Surface Wettability with Polymer Coatings
Prof. Michael Rubner - Materials Science and Eng.
In this project, you will examine polymer coatings that can be used to create surfaces that exhibit extreme wetting characteristics. Using a nanoscale, layer-by-layer processing technique, you will fabricate thin film coatings that either completely repel water (superhydrophobic coatings) or that are highly wettable by water (superhydrophilic coatings). The structures that you will create will mimic many surface structures found in nature like the self-cleaning superhydrophobic lotus leaf. The use of these coatings to prevent bacteria accumulation will be examined. Key elements of this project that could impact your classroom activities include an understanding of how nature designs surfaces to create specific wetting effects, an understanding of the factors that control the wetting of surfaces by water, an understanding of basic polymer chemistry and physics and an understanding of nanoscale processing techniques.
Lithium Battery Materials
Prof. Yang Shao-Horn- Mech. Eng.
The project involves working with a postdoctoral researcher to study the transport of electrons and lithium ions in Li x CoO 2 using AC impedance spectroscopy and PITT/GITT methods.
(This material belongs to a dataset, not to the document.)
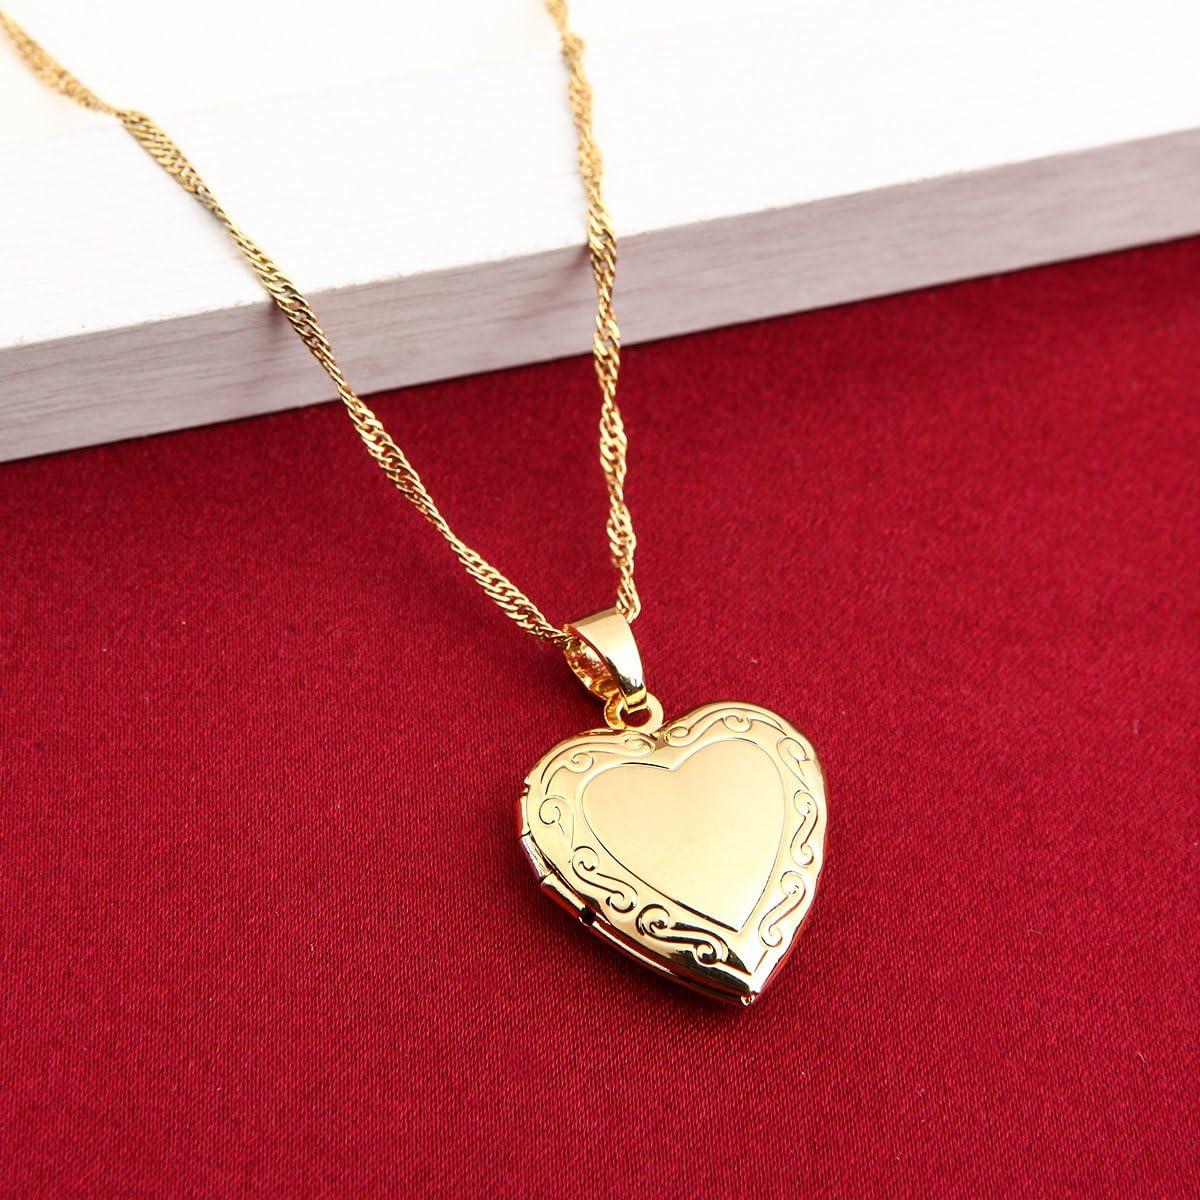 Valentines Heart Locket Pendant Necklace 24K Gold Color Romantic Fancy Heart Jewelry For Women
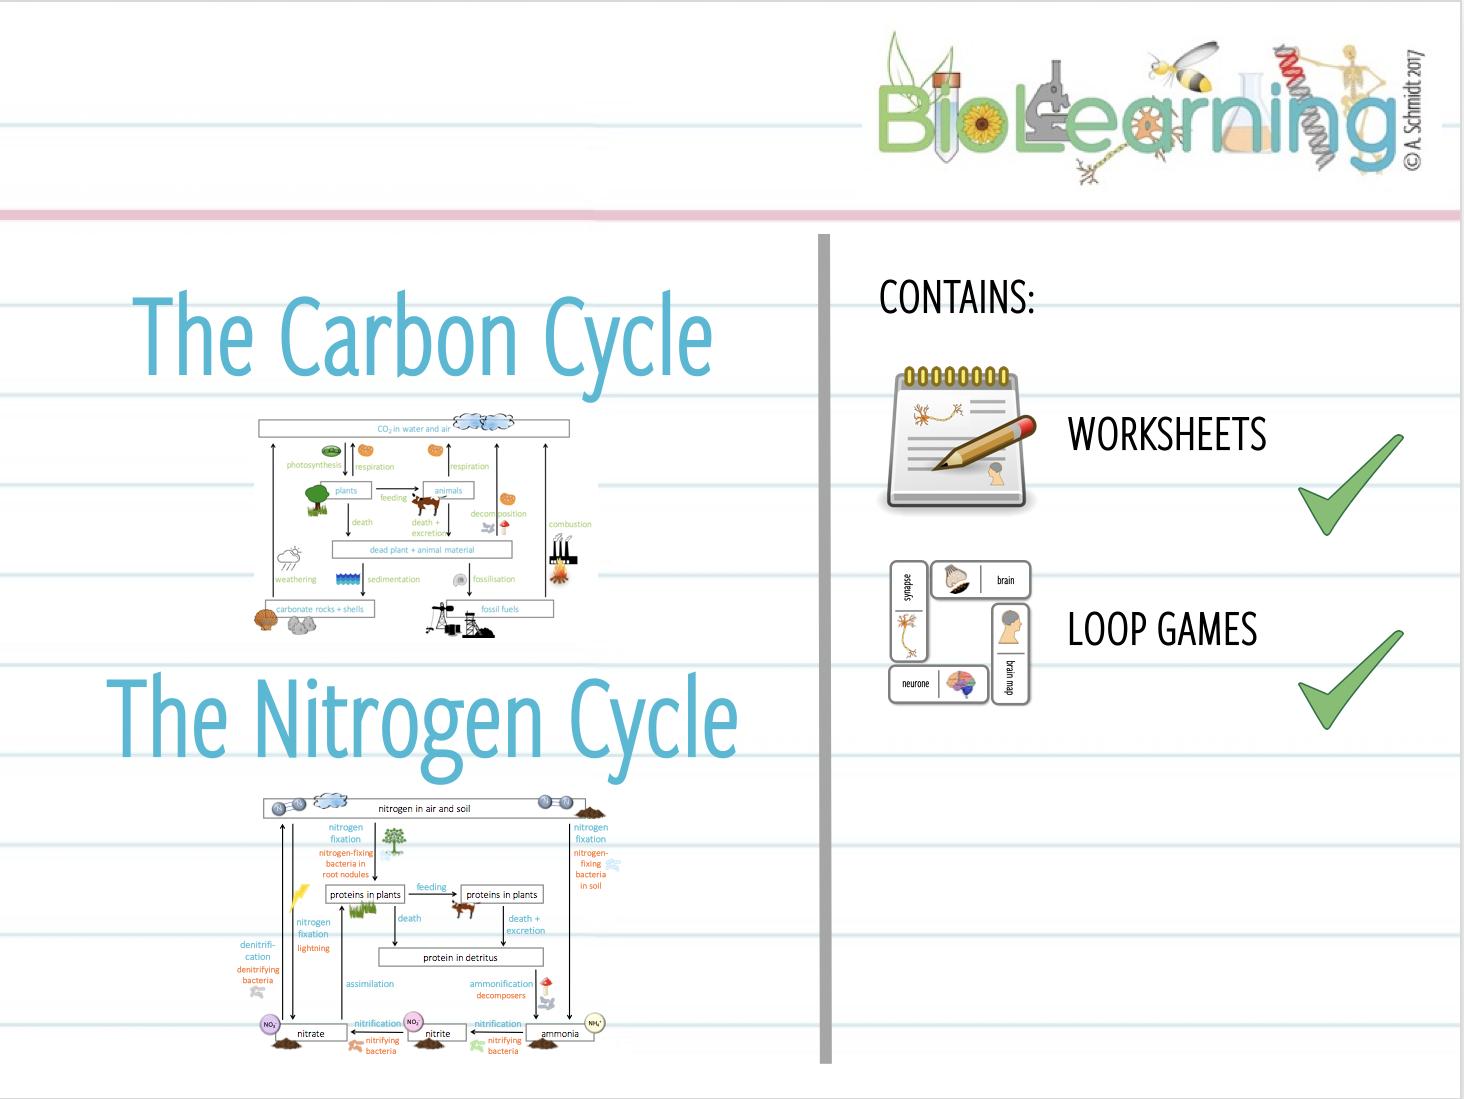 worksheet The Nitrogen Cycle Worksheet 4x carbon and nitrogen cycle 2x worksheets loop games ks3ks4 by anjacschmidt teaching resources tes

Fabrication of High Quality Gratings and Grids for Short Wavelength Spectroscopy
Prof. Henry I. Smith - Elec. Eng. and Computer Science
You will work with research affiliates of the NanoStructures group on interference lithography and reactive ion etching for the purpose of fabricating high quality gratings and grids, with linewidths of 100 nm or finer. These high quality gratings would be used in short wavelength spectroscopy.
Chemically Directed Assembly of Au Nanoparticles for Electronic Applications
Prof. Francesco Stellacci - Materials Science and Eng.
This project will entail chemically directing the assembly of nanoparticles, which consist of a 5 nm diameter Au core surrounded by organic ligands. The nanoparticles will be assembled onto a gold or silicon dioxide surface via covalent chemicals bonds formed between the organic ligands on the nanoparticle surface and molecules patterned at specific locations on a substrate. Atomic Force Microscopy (AFM) will be used to both pattern the molecules on the surfaces (using a technique known as Dip Pen Nanolithography) and then to image the patterned molecules and assembled nanoparticles. Different chemical binding strategies and various wet chemistry techniques will be used to assemble a single layer of Au nanoparticles at specific sites on a surface. The application of this project will be to direct the assembly of a Au nanoparticle between two metallic wires to form a single electron transistor.
Cell Imaging
Prof. Krystyn Van Vliet - Materials Science and Eng.
The project involves getting color into PEMs for through-thickness imaging of how cells deform PEMs while they are growing on them, with special focus on how far down the cells are exerting force.